La portinaia fa un inchino al Presidente, ci indica di salire. Vi stanno aspettando, dice, poi riprende a spazzare i gradini.

Entriamo nel piccolo appartamento. Le due creature sono nel soggiorno, sedute, anzi appoggiate sul logoro divano. Quello che deve essere il capo inizia a parlare.

Come facciamo a comprenderci? Non chiedetelo a me. So soltanto che, grazie ai loro tecnici, e ai loro scienziati, fin dal loro arrivo siamo stati in grado di scambiare informazioni. Fosse stato per noi, per la nostra primitiva civiltà, non ci sarebbe mai stata alcuna possibilità di dialogo.

L'alieno ci conferma ciò che già ci era stato anticipato: abbiamo troppe colpe, abbiamo commesso troppe nefandezze, non meritiamo di vivere. È rimasto loro soltanto un piccolo dubbio, aggiunge.

Proprio in quell'istante, dall'appartamento vicino (il palazzo è popolare, i muri sono sottili) filtra una musica, una dolce melodia, una voce di tenore accompagnata dal pianoforte.

Un attimo, dice la creatura. Poi comincia a emettere degli strani gemiti, ruota su se stessa, secerne dalla sua pelle un liquido vischioso e maleodorante. Lo stesso, anche se in misura minore, succede al suo assistente, che ci prega con un sussurro di accomodarci nella stanza accanto.

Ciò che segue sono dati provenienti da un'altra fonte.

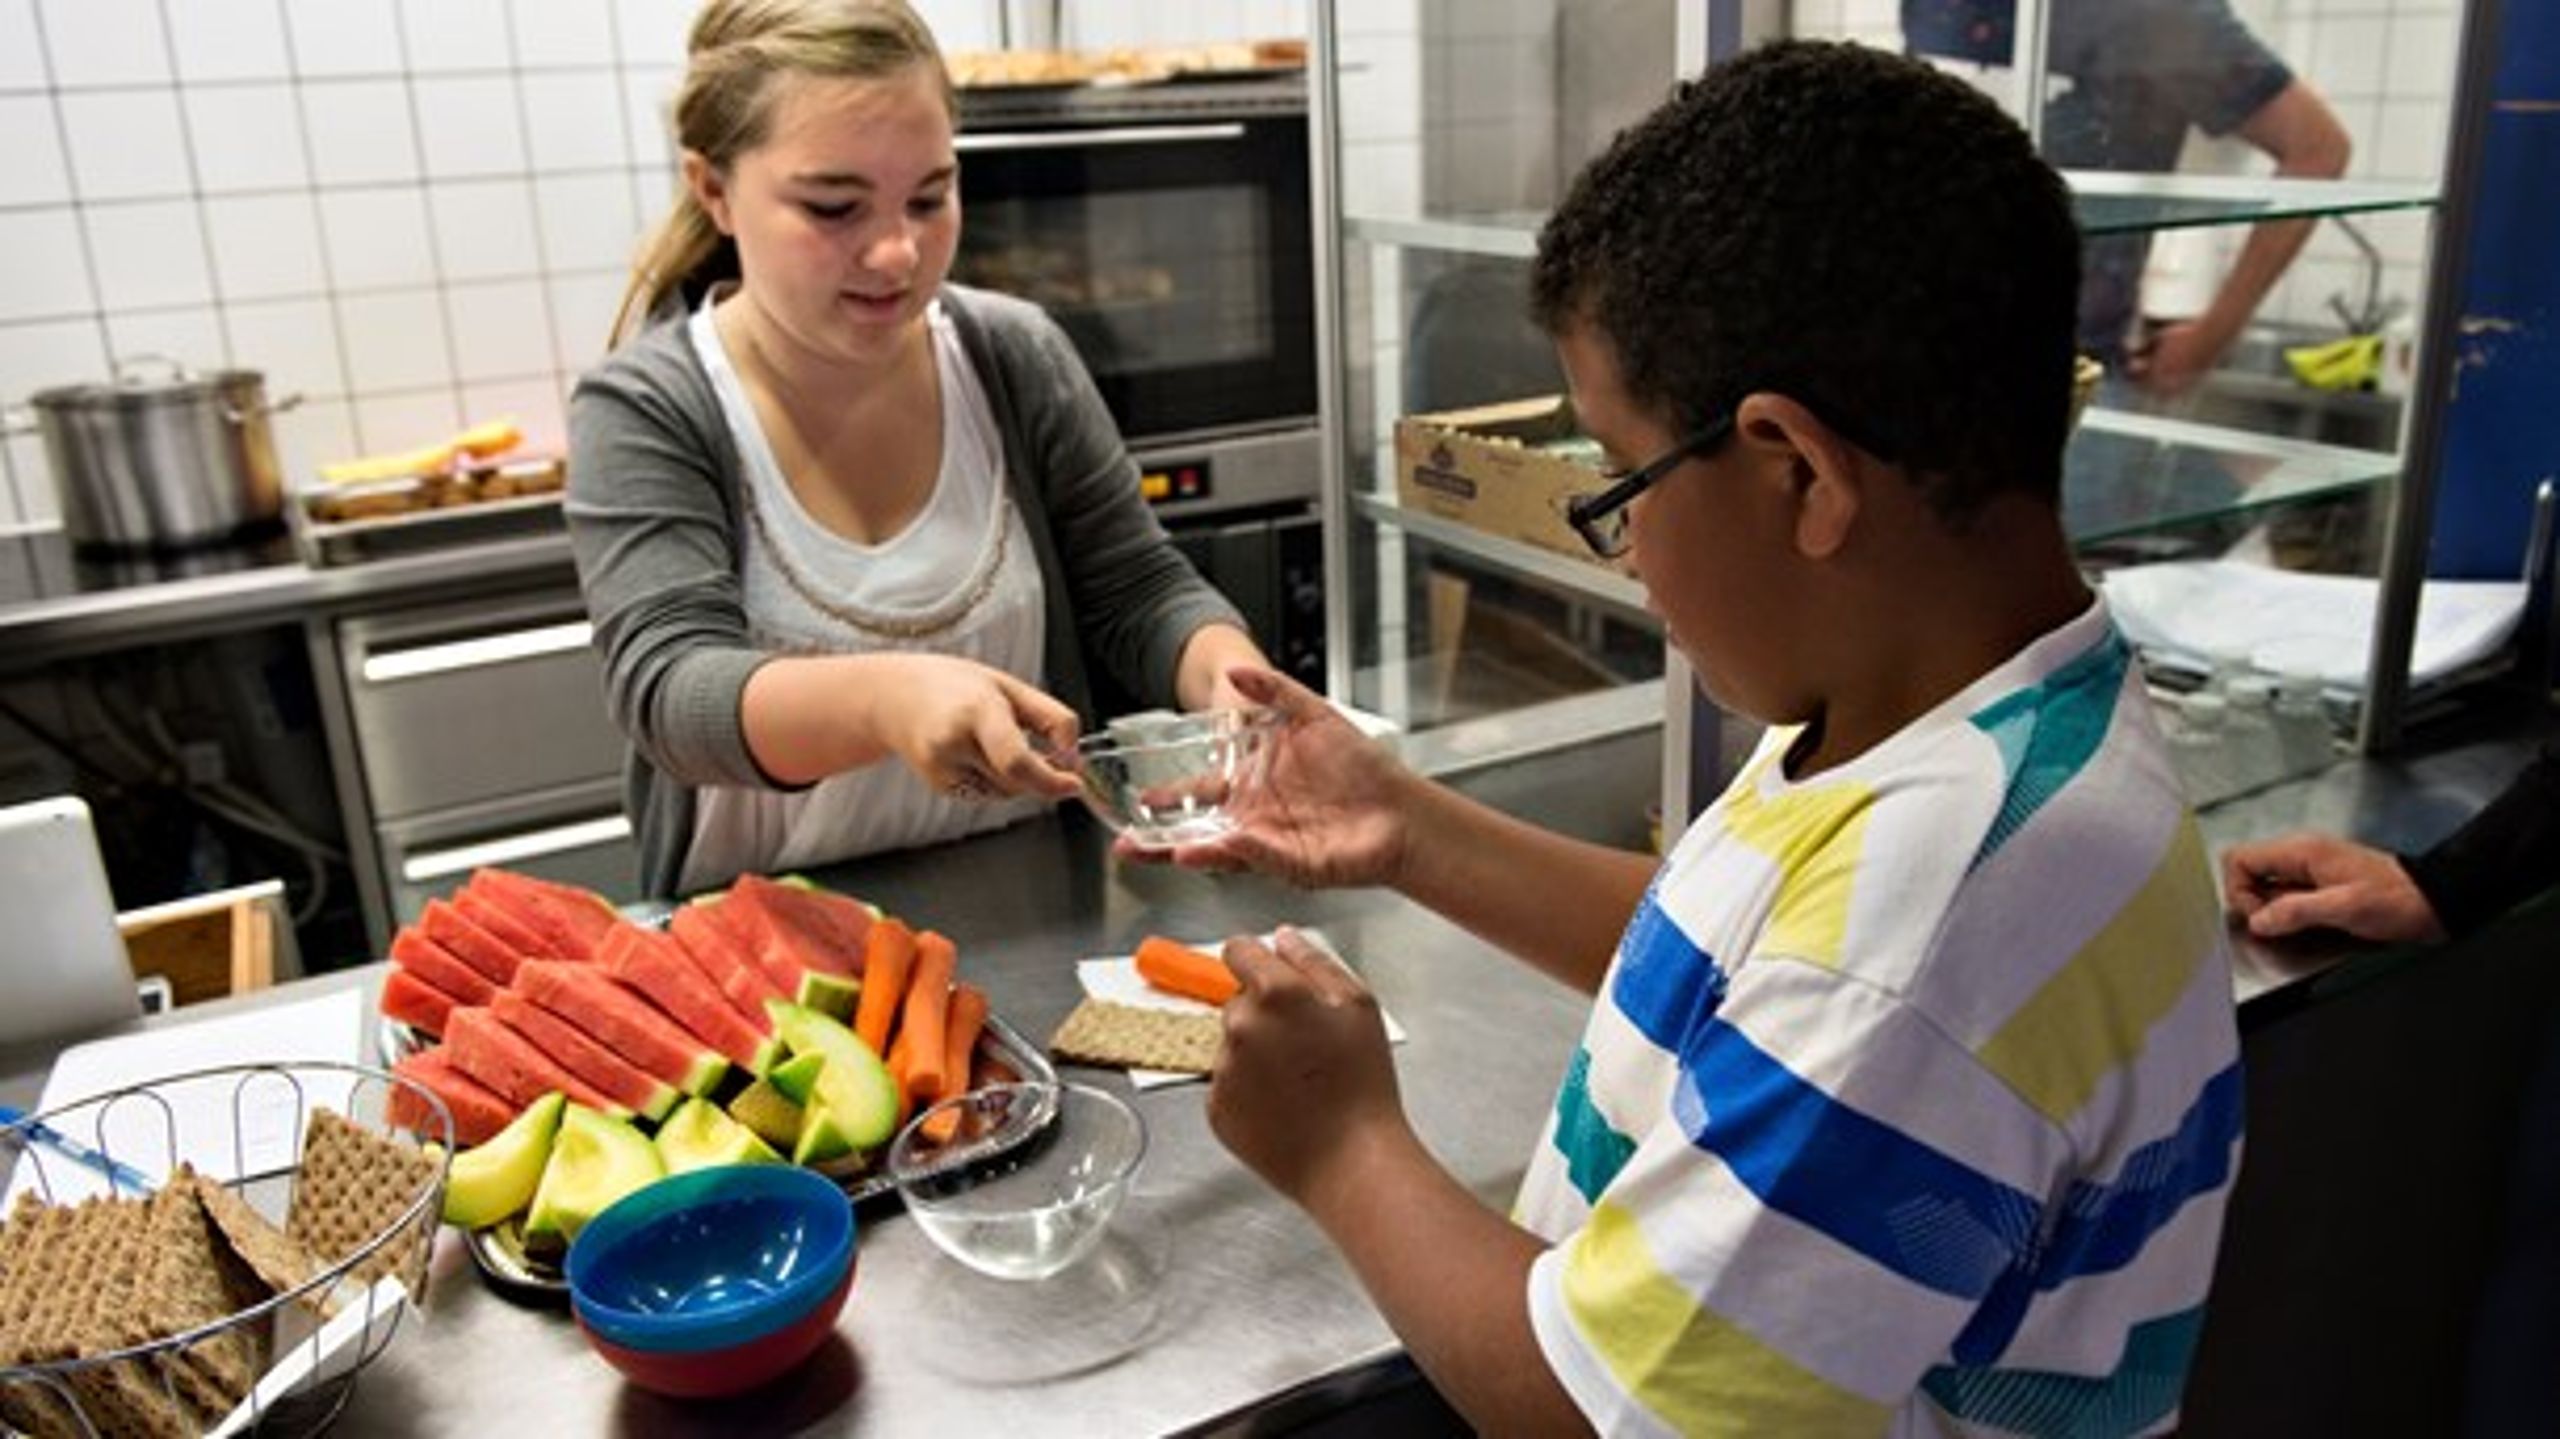 Fokus på sunde måltider i skolen kan bidrage til et fald i overvægt og styrke børnenes indlæring, skriver Danske Regioner.
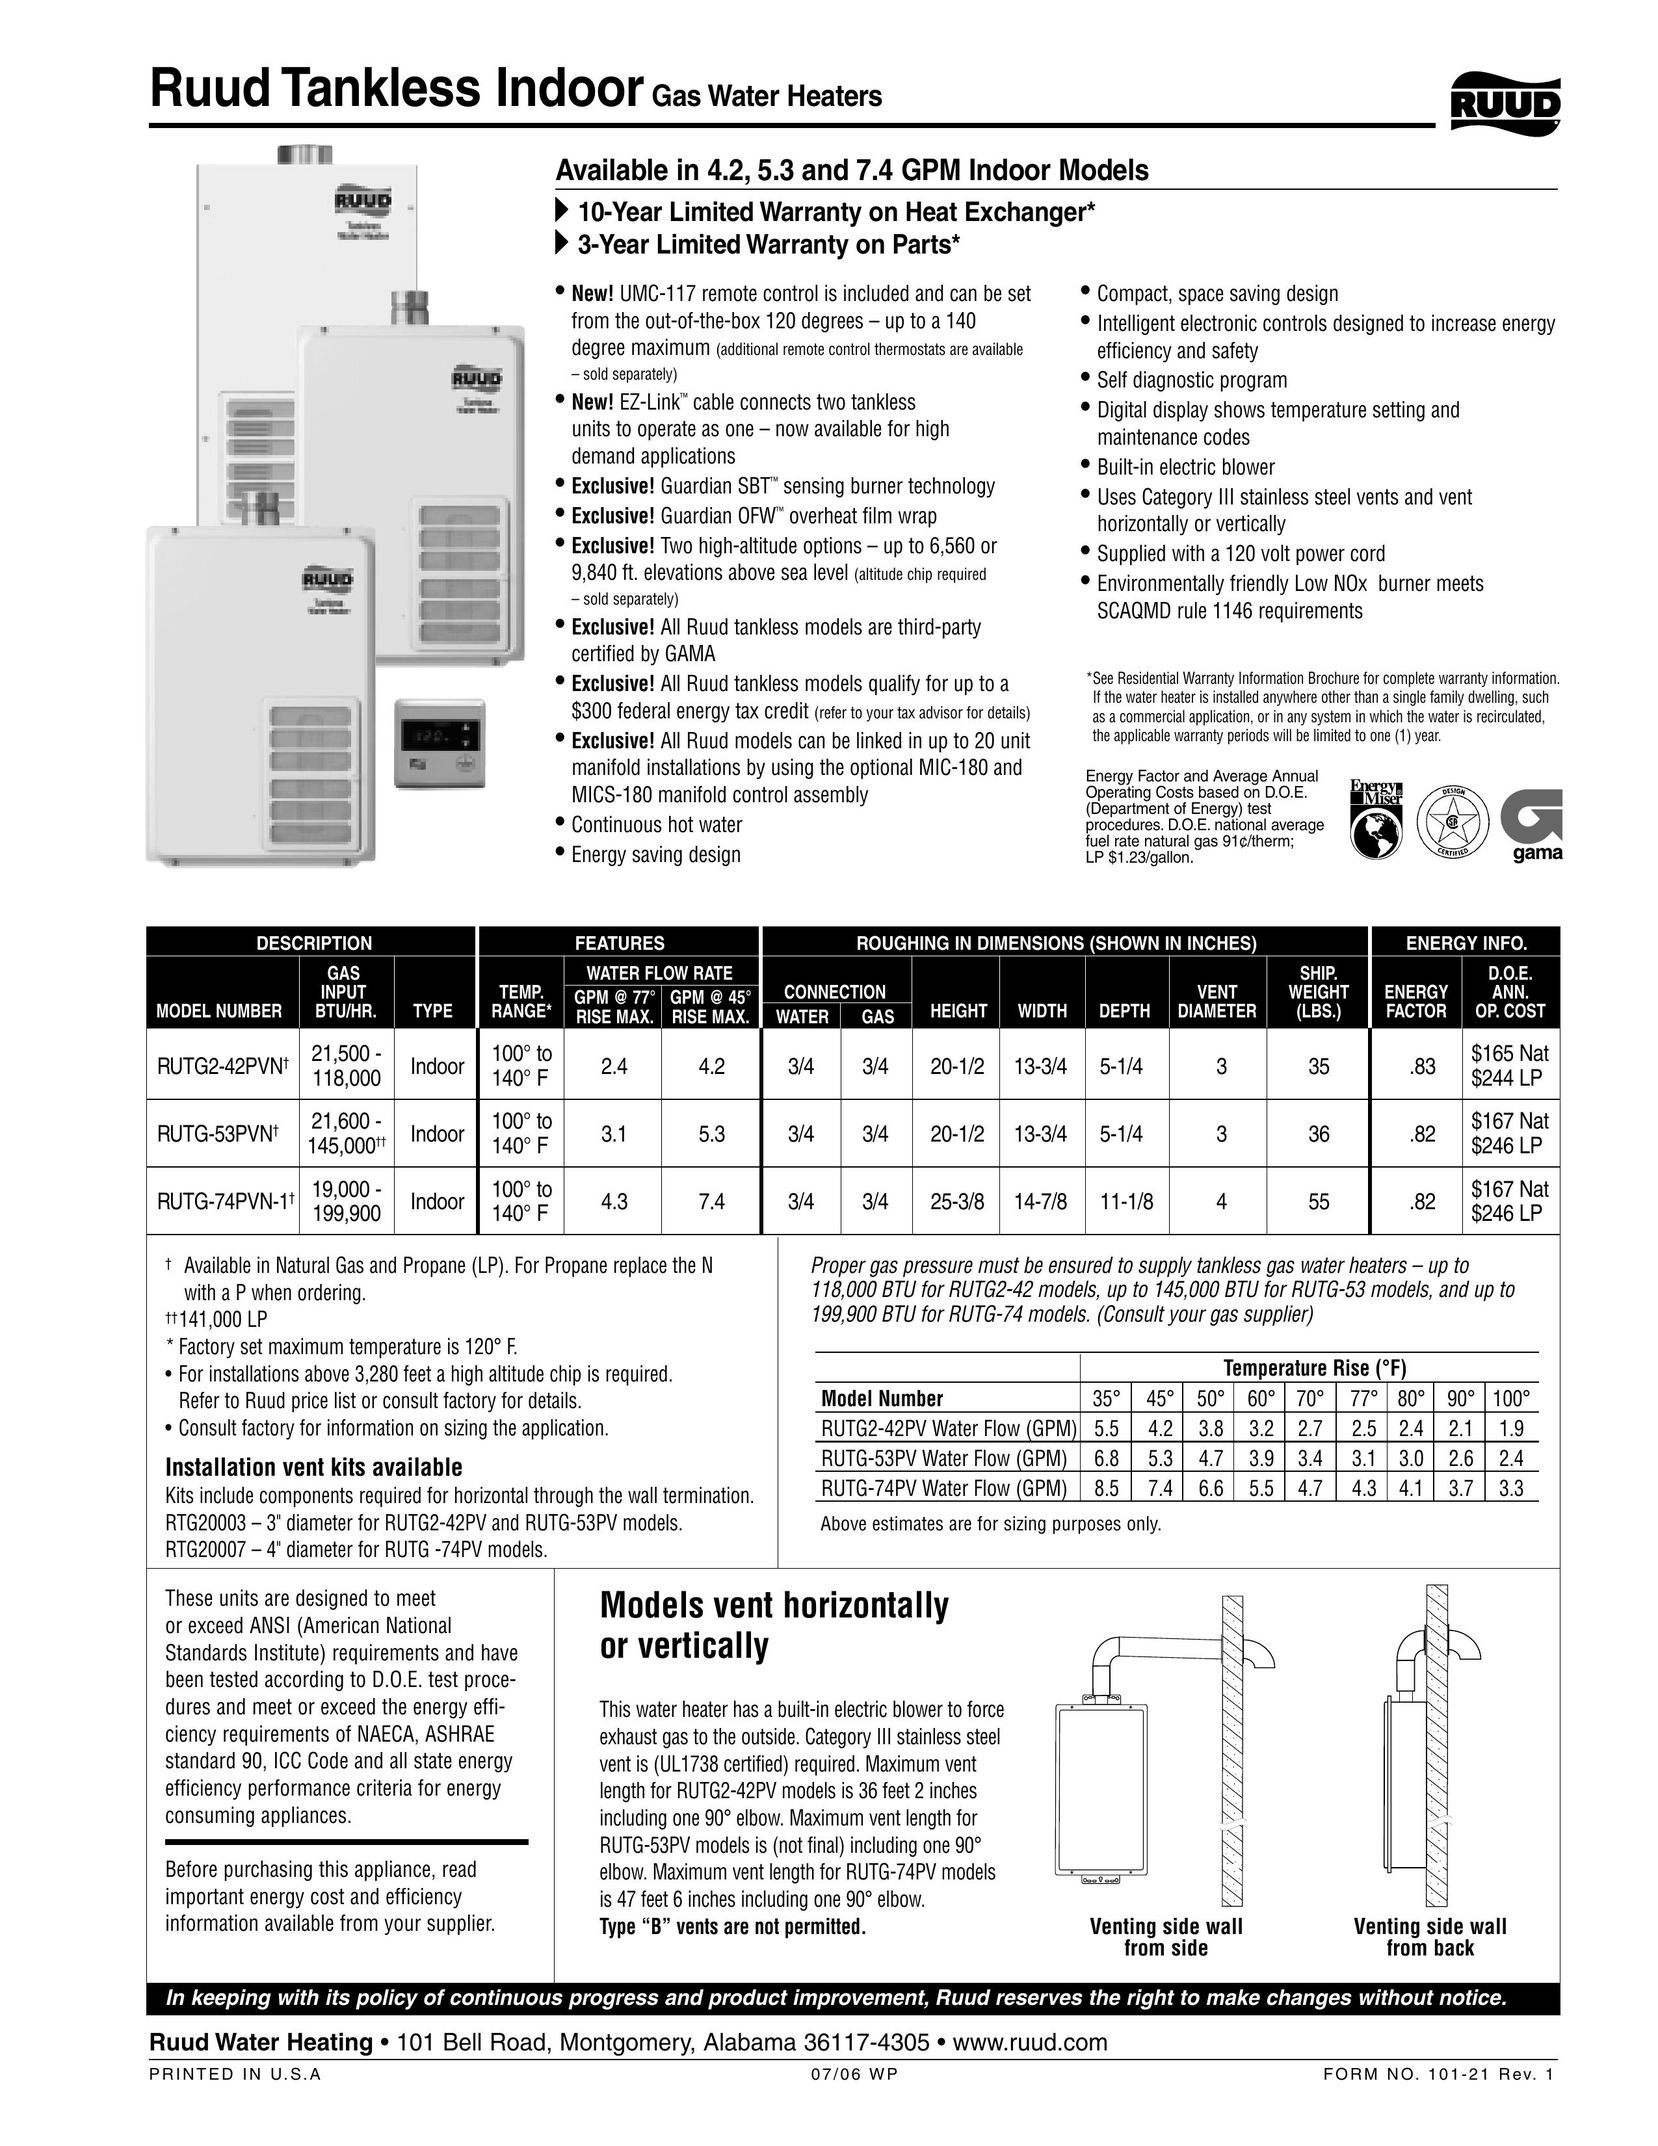 Ruud RUTG-74PV Water Heater User Manual

Dopo quasi mezz'ora ci richiamano. Nel frattempo, io e il Presidente Harvey non abbiamo scambiato una sola parola. Non riusciamo a capire ciò che sta accadendo.

Scusate, ci dice l'alieno, il capo.

Vi siete sentiti male?, domanda Harvey.

No, tutt'altro, risponde l'assistente. Ascoltando quei suoni, io e il mio capo ci siamo... commossi, come dite voi. Quei suoni hanno un nome?

Non saprei, risponde il Presidente, guardando me, e sperando in un mio aiuto. Che arriva, perché ho riconosciuto la melodia.

È un'aria d'opera, dico. Se vi può interessare, è tratta da un lavoro del compositore Georges Bizet.

Il nome, il nome del pezzo, dice la creatura, devo catalogarlo!

Je crois entendre encore, dico. Harvey mi guarda, annuisce riconoscente e sollevato.

L'alieno riprende a parlare.

Vedete, dice, il dubbio nei confronti della vostra civiltà era proprio legato a ciò che voi chiamate musica. In tutto l'universo conosciuto nessun popolo è in grado di accostare i suoni come fate voi. Esistono artisti geniali in tutti i campi, ma non in questo. Voi rappresentate una unicità che forse, e sottolineo forse, va conservata. Abbiamo intenzione di darvi ancora una possibilità, una piccola possibilità. Voi tutti, nei prossimi cent'anni terrestri, dovrete dedicarvi esclusivamente alla musica. Dopodiché noi torneremo e vi giudicheremo di nuovo. Andate, adesso, e diffondete il nostro messaggio. Noi ce ne andremo, e sarete di nuovo soli. Ricordate, questa è la vostra ultima opportunità di sopravvivere. E dite a quel vostro Bizet di fabbricare molte altre musiche come quella che abbiamo ascoltato.

Usciamo. Sono contento di avere contribuito, in un certo senso, alla salvezza dell'umanità. Cerco di condividere questa mia immensa gioia con Harvey, ma vedo che il Presidente è cupo e affranto.

Cent'anni!, dice. E poi la distruzione non potrà comunque essere evitata. Ti immagini? Tutti a comporre musica per cent'anni. Ma quanti sono gli esseri umani in grado di comporre musica? Uno su mille? Uno su diecimila? Uno su un milione? Abbiamo semplicemente prolungato la nostra agonia!

Sconsolato, rifletto. Forse il Presidente ha ragione. Era meglio farla finita subito. Tra l'altro, non abbiamo neppure avuto il coraggio di dire all'alieno che Bizet è morto da più di duecento anni.